I’ll be honest – I read this because I enjoyed the book and film of Q&A / Slumdog Millionaire. I liked the sound of the plot, and I fancied another trip to Swarup’s India.

Having just finished, I have mixed feelings about The Accidental Apprentice. The ‘what if’ that drives it all is a good one: what if… a rich man offers you his multi-billion company? Pass his tests, and you get the position of CEO. A great wish-fulfilment scenario. This is what happens to Sapna Sinha, a sales assistant in a Delhi electronics store. Sapna’s family are struggling to pay their bills, her mother is mourning a husband and daughter, and her sister dreams of fame and fortune, leaving Sapna head of the family.
Initially reluctant, circumstances force Sapna to accept the CEO’s offer, and the tests begin.

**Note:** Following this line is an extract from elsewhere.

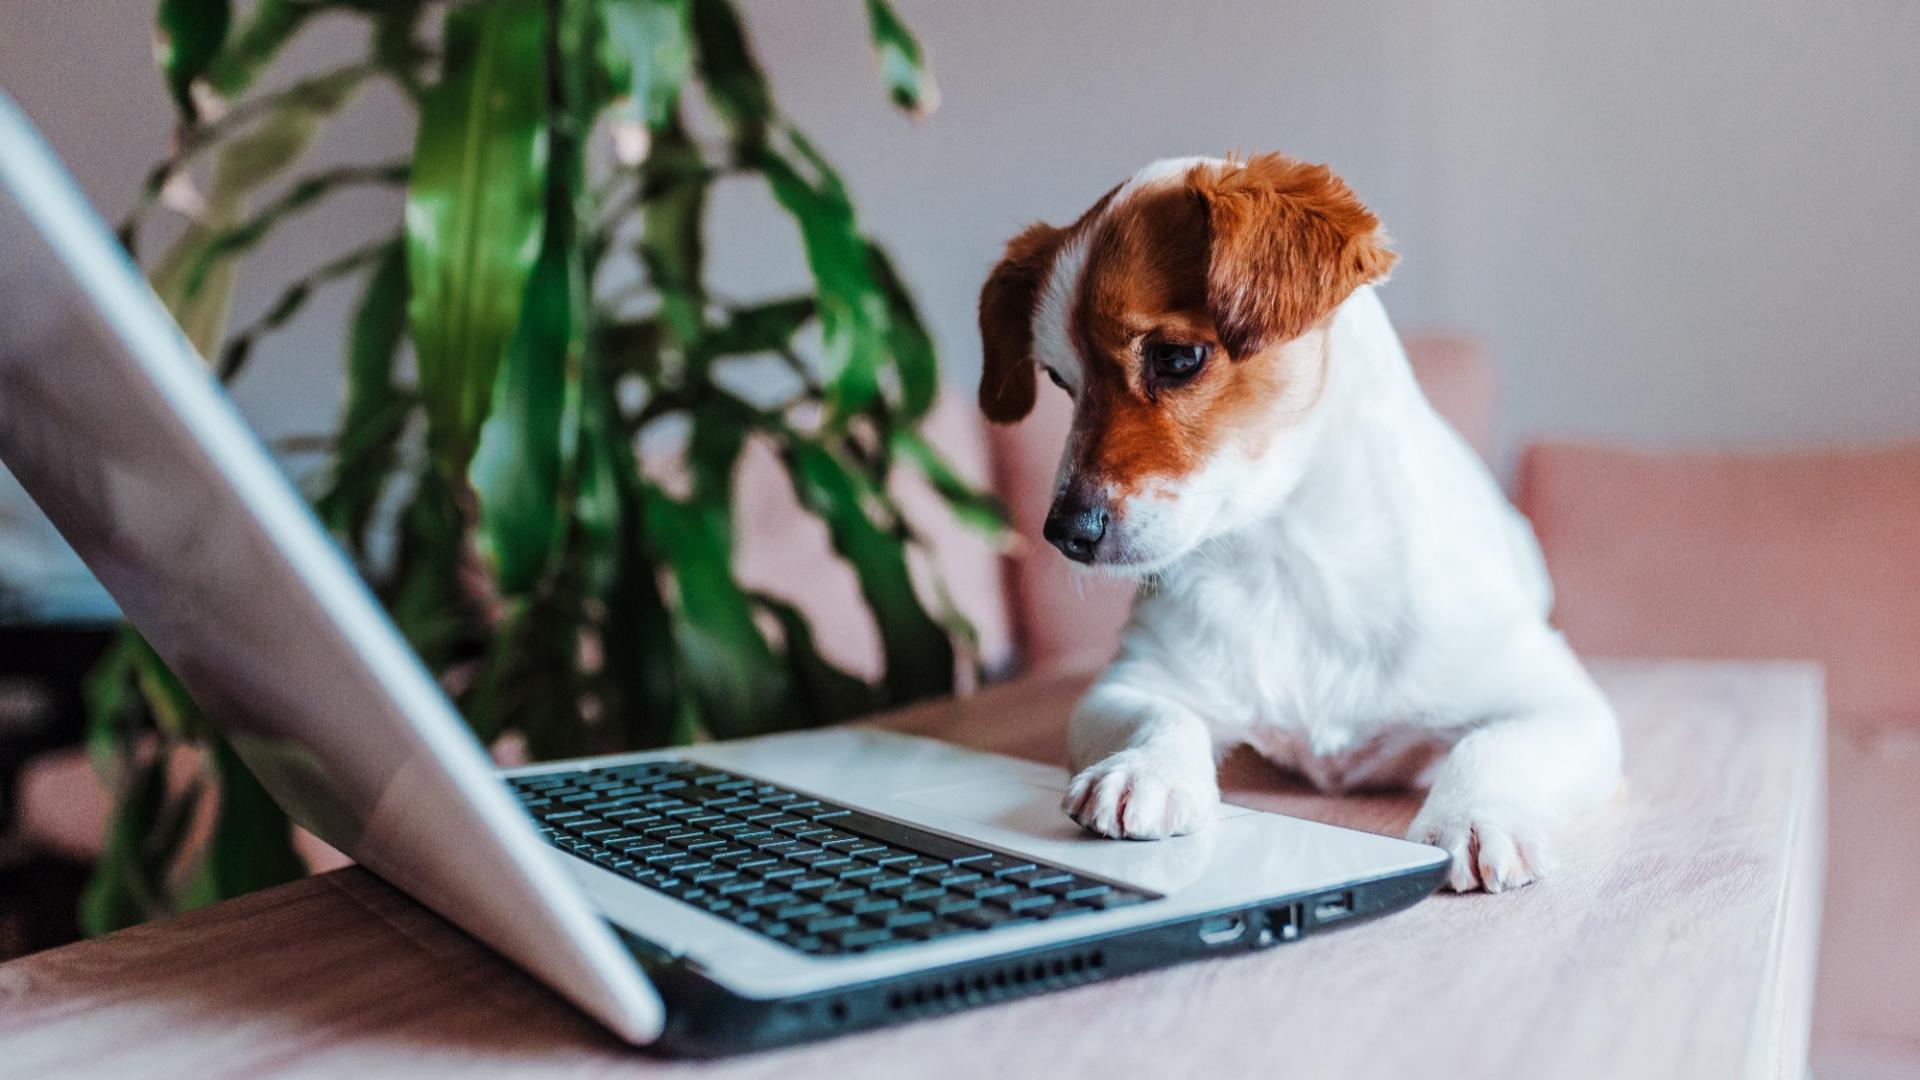 Auf dem Bild ist ein Hund vor einem Laptop abgebildet, der symbolisch für eine telemedizinische Beratung beim Tierarzt steht.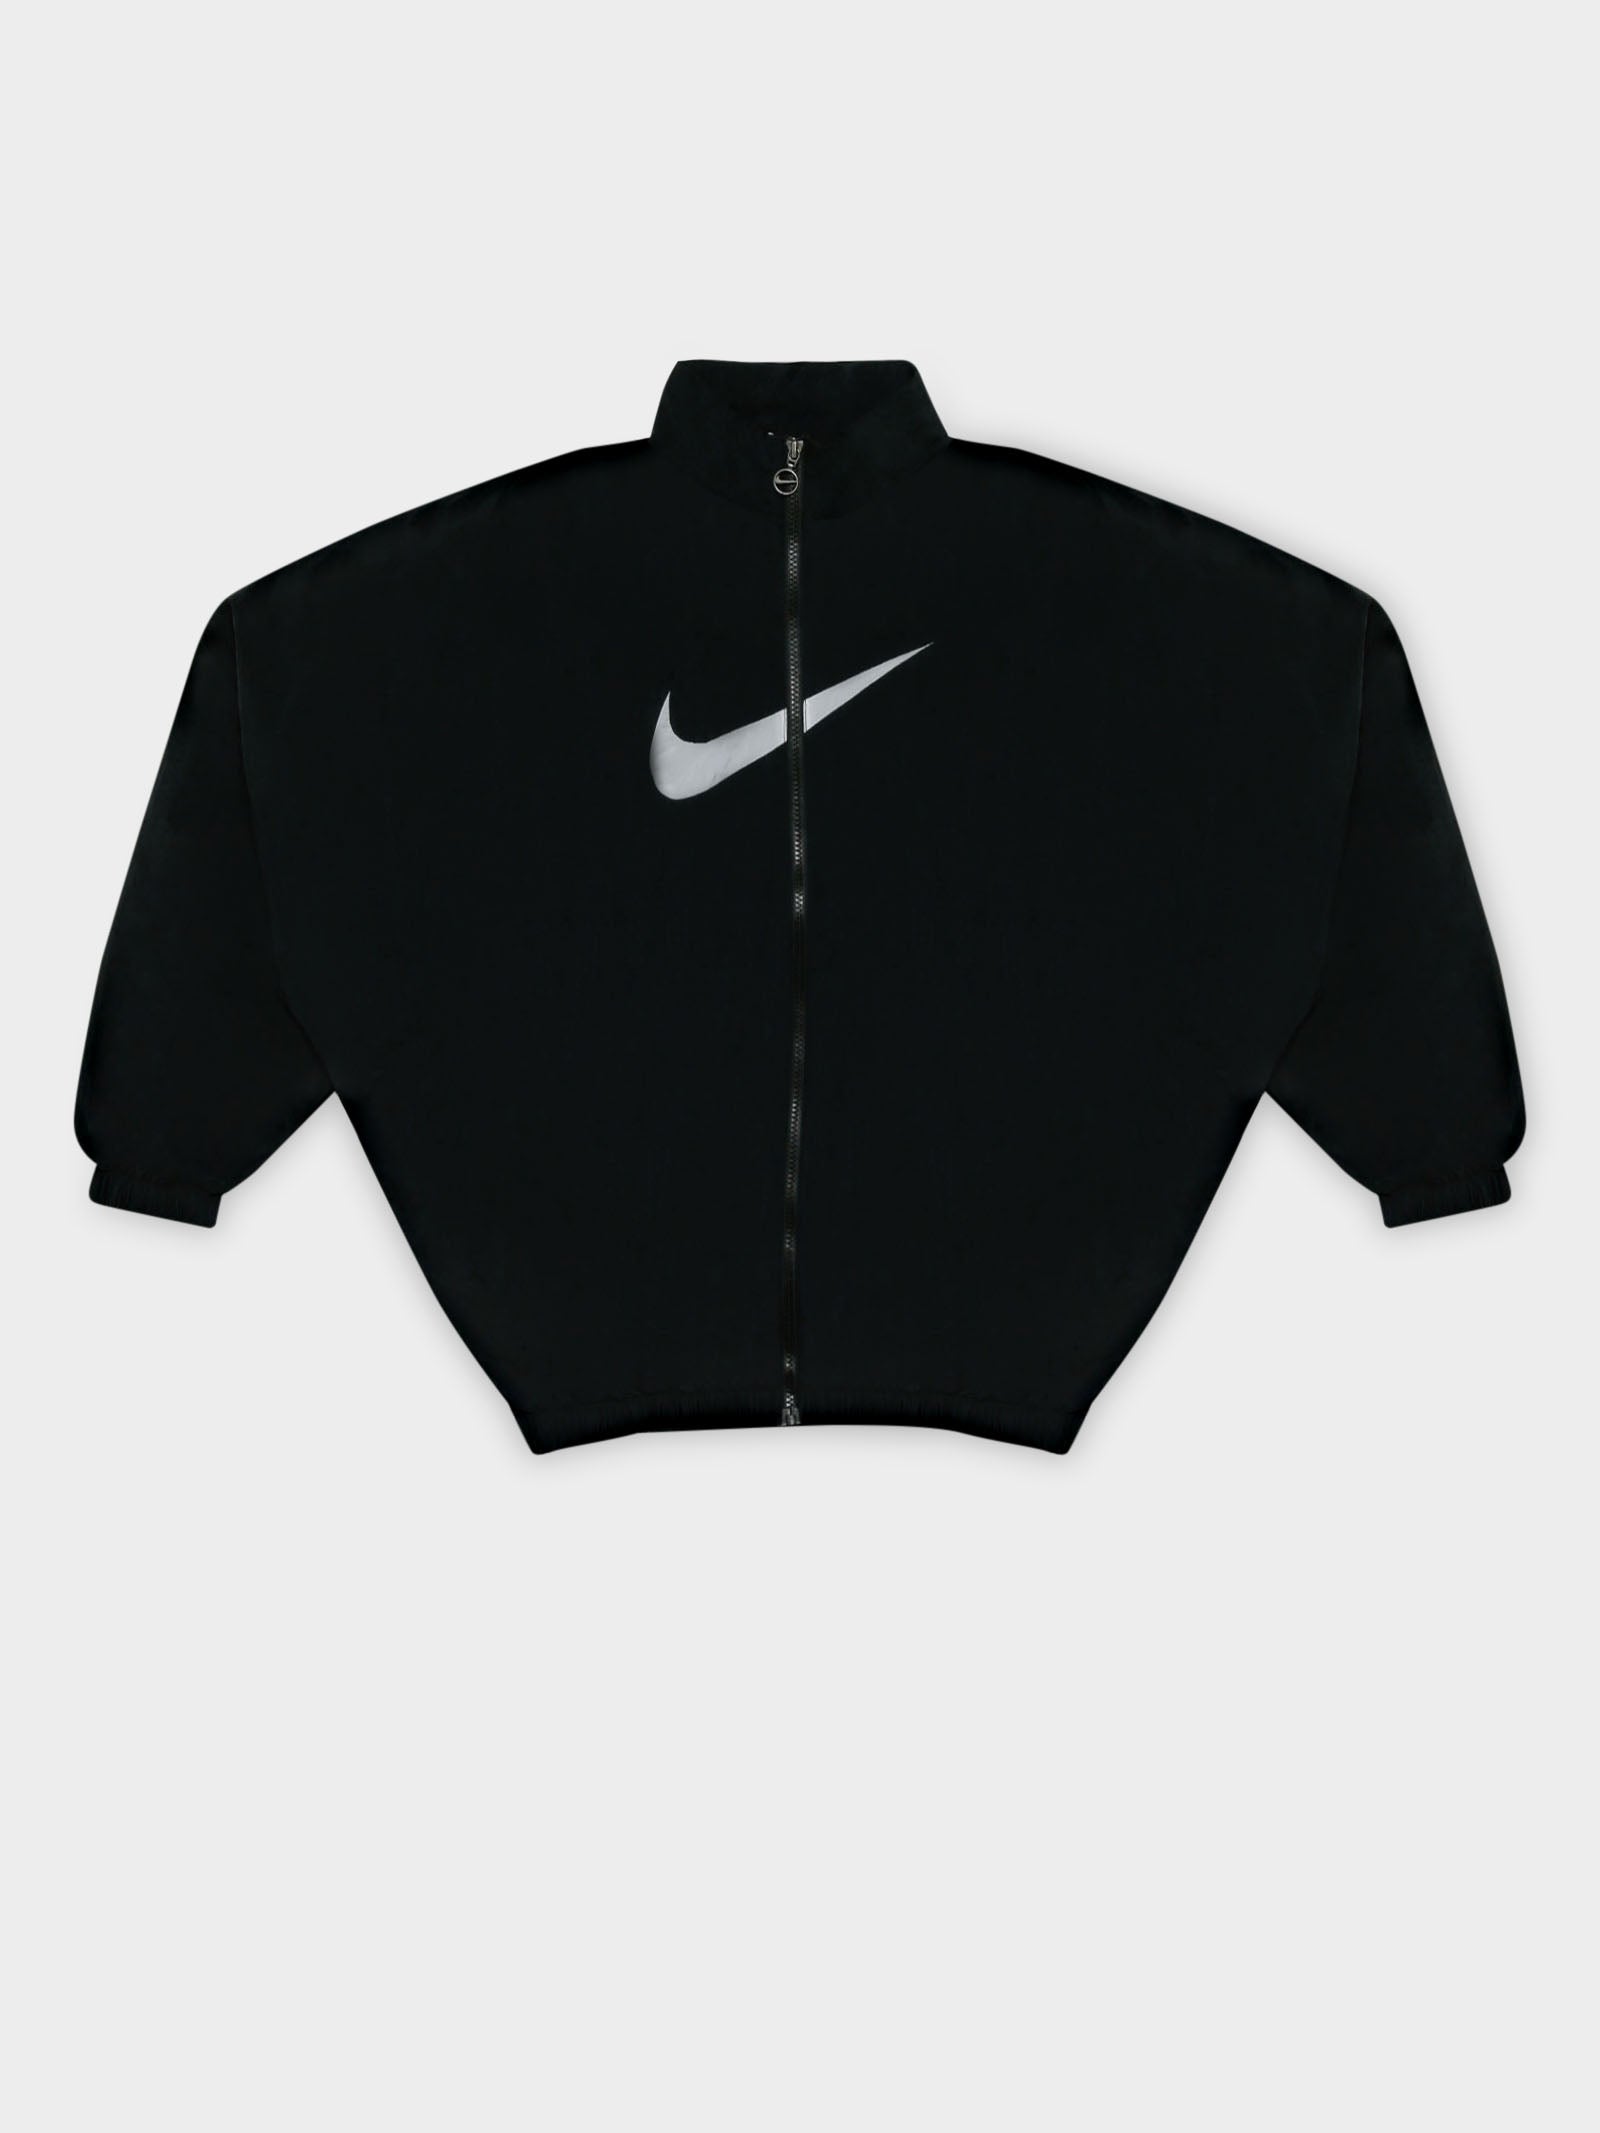 Nike Sportswear Women's Essential Woven Jacket Black / White

But they are not what Sapna was expecting.

Sapna’s world is a well-created one, I could see the cities, the slums, the villages that she journeys through. I liked her – she’s smart and well-read, demonstrates her spirit and resourcefulness and shows herself to be an admirable person. Her sister Neha and mother are harder to like – neither gets enough page-time to be wholly sympathetic, though Neha gets a few scenes to become a little less two-dimensional.

The story itself gets quite episodic – each ‘test’ gets its own chapter, and you can see some ‘twists’ coming. They are enjoyable though – I let the sillier parts of the story wash over me, as I was enjoying the idea of the tests and seeing if I was right about my guesses. Lots of Sapna’s friends seem remarkably well-placed (geographically as well as career-wise) to assist Sapna just when she might need them, conveniently. Coincidence, as in Slumdog Millionaire, plays quite a big role.